Unable to draw much, Pekar storyboarded out stick figure drawings, telling the story of his life; he paid various illustrators to flesh them out, and that’s how we have his story.
He grew up the son of a first-generation Polish-Jewish immigrants who ran a small mom-and-pop grocery store. There were two failed marriages, a year at Case Western University, a stretch in Navy boot camp. In the early 1970s, he made an unhappy trip to Santa Cruz and the Oregon coast.
He also recorded personal moments in his living room—pondering books and jazz records (he was a contributor to Downbeat). Pekar was an autodidact; it’s clear he was intelligent enough for academia, and he was proud of the fact that his father was a Talmudic scholar. But as related in his 2006 memoir The Quitter he got his education through second-hand bookstores and the library.
He was an anxious, argumentative man—a nitpicker who could drive people nuts. He was basically gentle despite a temper for two, as the song goes. It was still a surprise to hear that he was a serious fist-fighter when he was young, when the various turfs of Cleveland were very clearly marked out for the different ethnics who lived there.
But Pekar was always pugnacious and took great satisfaction in trying to keep David Letterman honest during his various trips to New York to do the talk show.
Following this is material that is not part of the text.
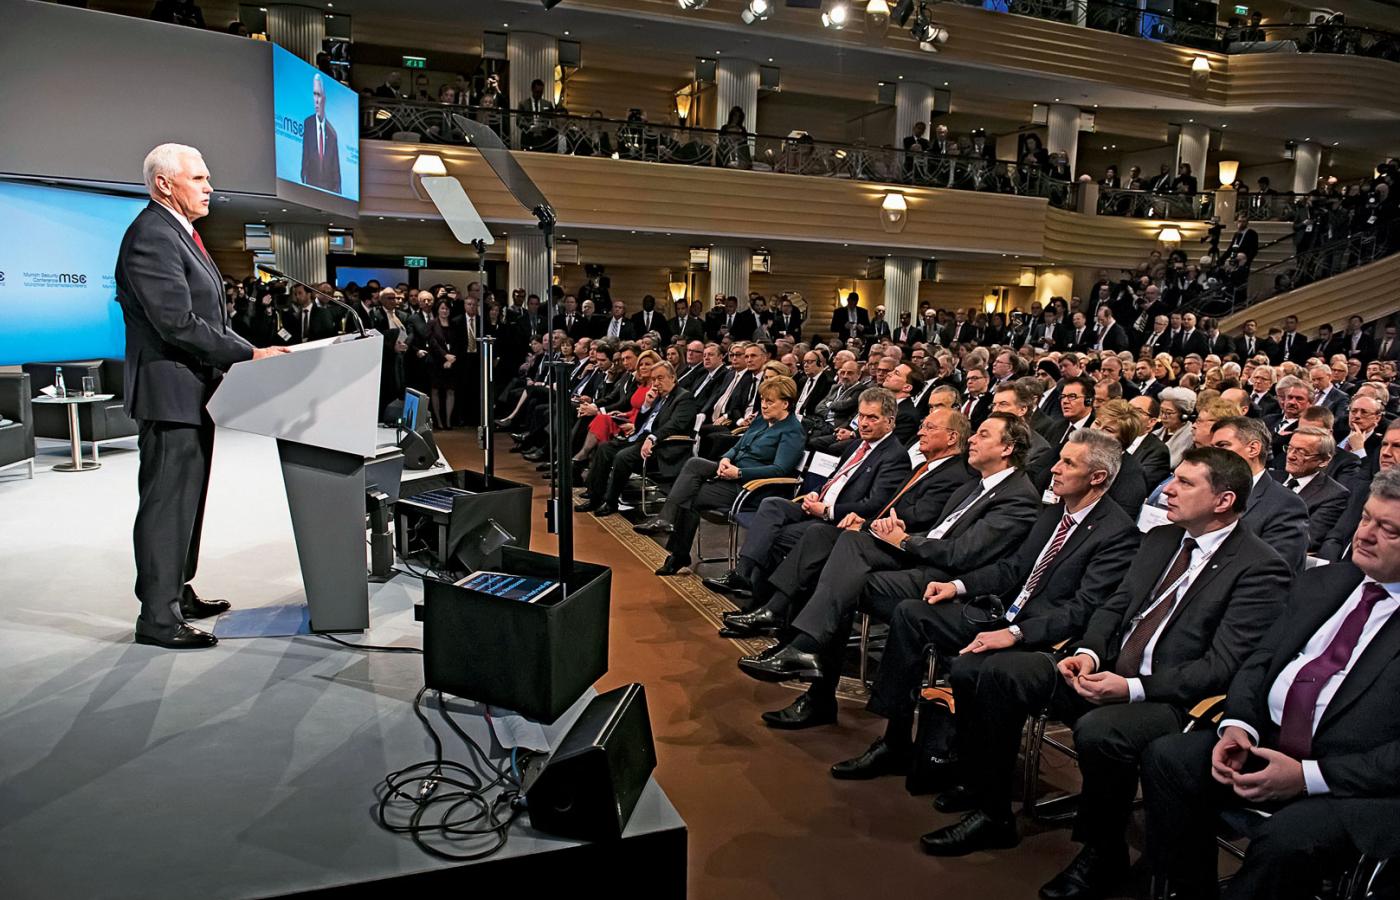 Wiceprezydent USA Mike Pence przemawia w Monachium, w pierwszym rzędzie słuchaczy m.in. kanclerz Angela Merkel (w środku) i prezydent Ukrainy Petro Poroszenko (pierwszy z prawej).

Letterman’s scheme seemed to have been to have Pekar as part of his weekly roster of weirdoes, a salt-of-the-earth eccentric from a city that’s better known as a punch line than a place. Pekar outwitted Letterman, preferring to bring home bad news about General Electric’s misdeeds to NBC, the TV station owned by the conglomerate.
Though he delighted in chronicling his neuroses and fears, Pekar was a brave, honorable man. And he was humble. When I praised his work during my single visit to his house in Cleveland Heights in the early 1990s, he cut me off, “I put my pants on one leg at a time, you know?”
Pekar once described the time he had after he recovered from lymphoma in the 1990s as “windfall years.” (He told the story of that illness in the outstanding memoir Our Cancer Year, illustrated by Frank Stack.)
Pekar had a few of those vintage years after the film of American Splendor came out; he had some fame, and got to see a little of the world and a lot of his faithful readers. Pekar, who was concerned about his life and legacy, who thought of himself as a quitter and a nobody, who feared that his life would leave no impression, was mourned worldwide by fans.